My answer was, "Yes, every time I get a glimpse of my sinful, disgusting heart."  I went on to qualify that statement by telling her it is every time I see my deficits, and every time God gives me a good hefty dose of "You ain't all that!"  It amounts to about 7 times every day, or every hour, or every minute...or every second... depending on the day.

I think there are times we all need to be encouraged and to hear the message, "Don't faint!" Paul knew there would be times of great discouragement in ministry and also in our individual spiritual growth.


Let us not lose heart in doing good, for in due time we will reap if we do not grow weary. Galatians 6:9


The problem my friend had was that she had tied herself into emotional and theological knots. In doing so she had lost heart, and she needed to hear a strong message of encouragement and truth.  Maybe this describes you too today.


When you are discouraged over an area of spiritual growth it is critical you review truth regarding the sovereignty of God. Our Father is a perfect Potter and in His capable hands the clay is formed and smashed according to His decreed design. The impurities are removed one speck at a time. It is painstaking work for the Potter and the clay. 

His work cannot be hurried along. Our instant society leads us to believe the changes should be immediate. We tend not to like the process of change because it takes so long and demands so much attention from us.
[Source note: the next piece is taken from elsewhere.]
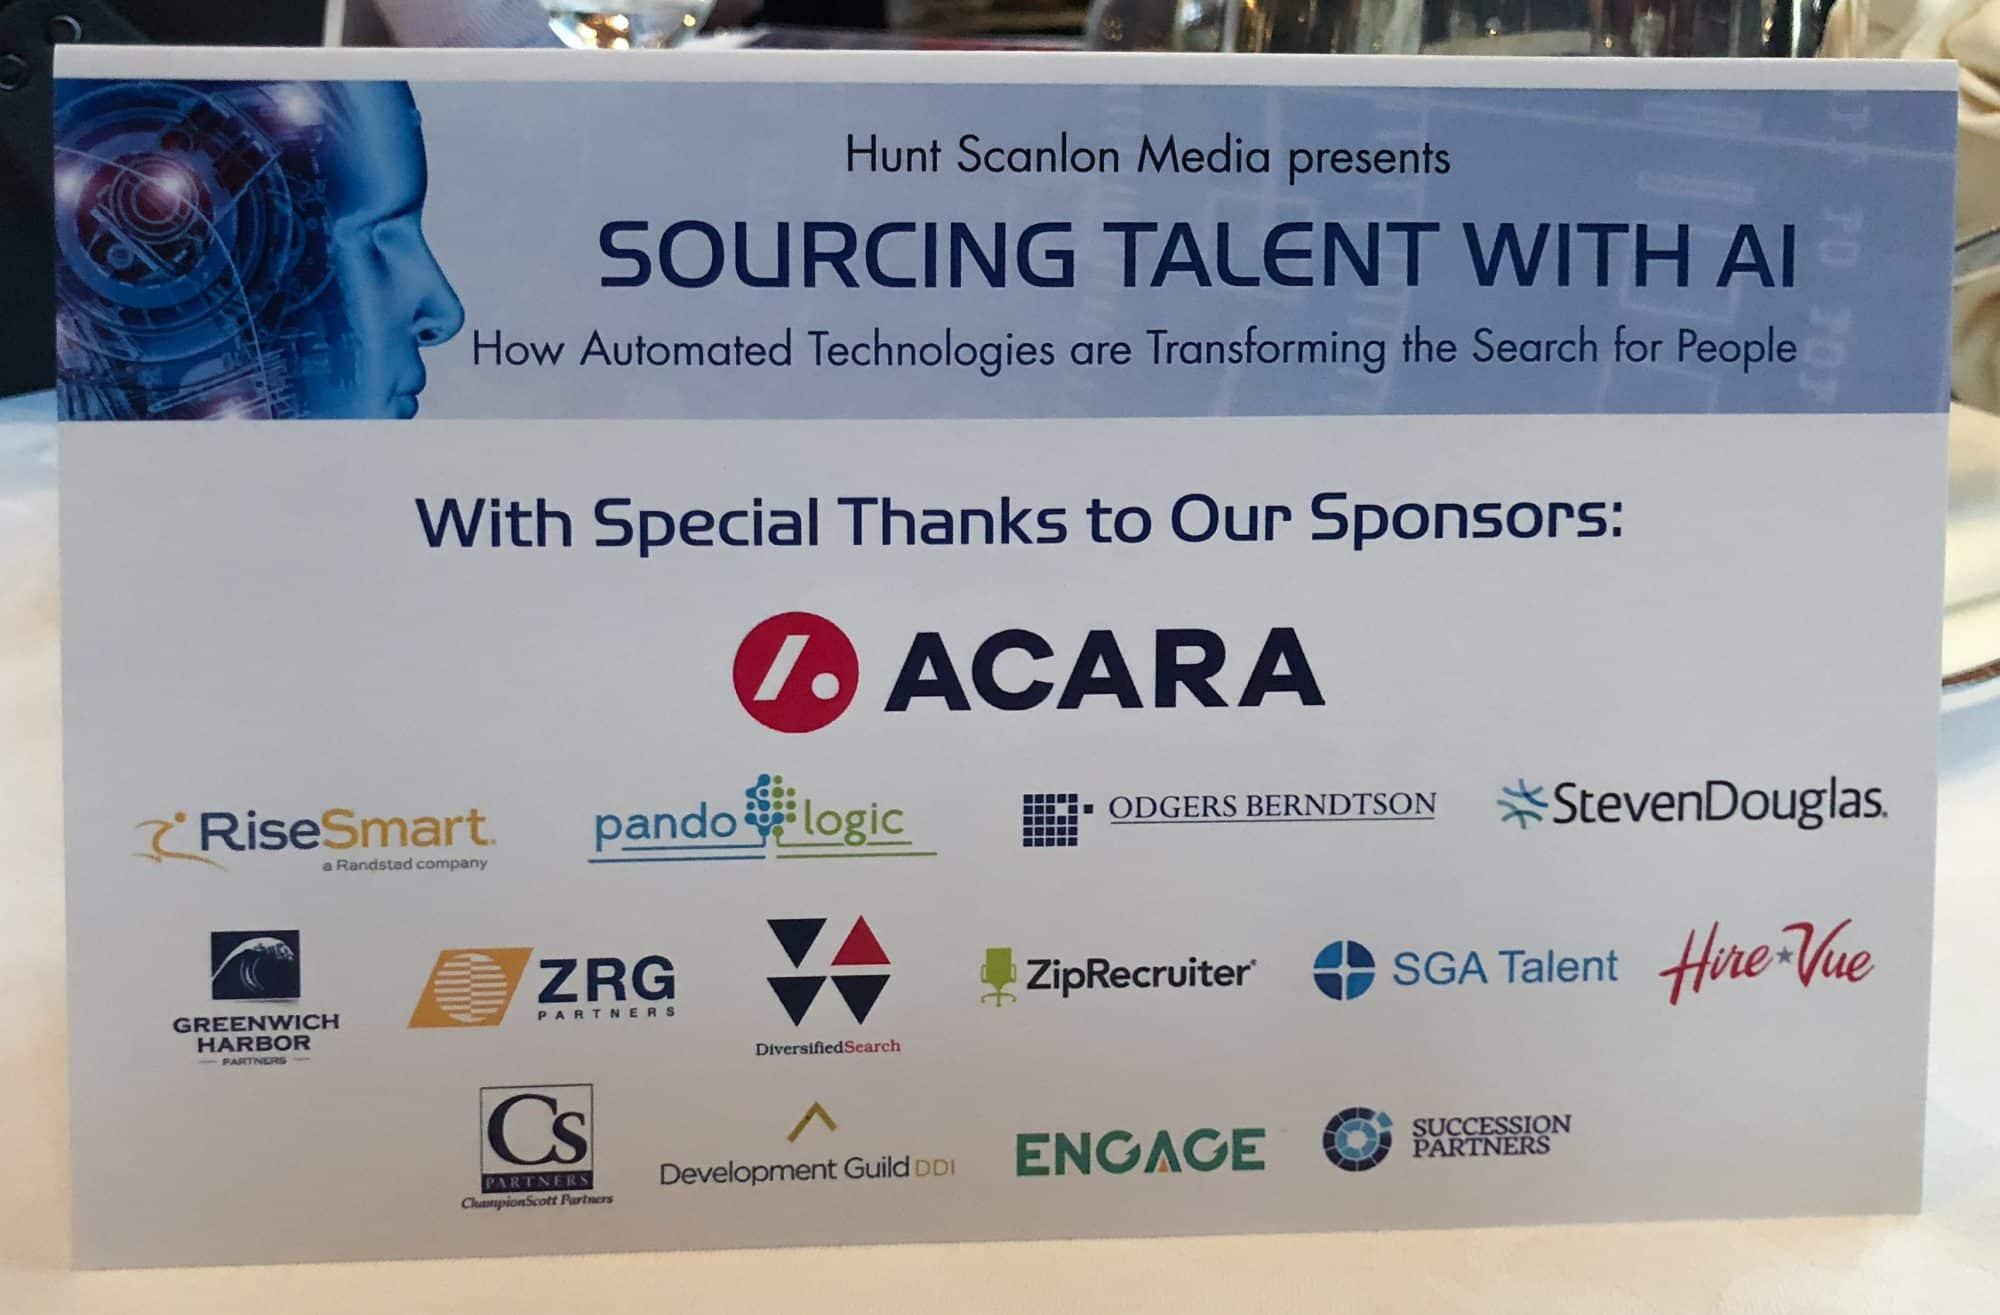 Hunt Scanlon Conference Sponsors

We get weary of fighting our flesh, sometimes winning and sometimes losing the battle.

Herein lies the discouragement for us. We get tied up in emotional knots over our failings because there is a part of our heart that does not want to sin. The part of the heart that desires to glorify God wars with the part that wants to be gratified and when we succumb to the lust of the flesh (whatever it may be) we desire an escape from the consequences.

When the battle is the hottest and you long for an escape remember that God does what He does in his timing and no sooner or later; He is always on time. It is important you know that you will become what God has decreed you will be - in spite of how you see yourself right now or the number of times you have failed.

God is completely aware of your struggle, He has a plan for you to overcome, and He is in charge of the timing. Be encouraged!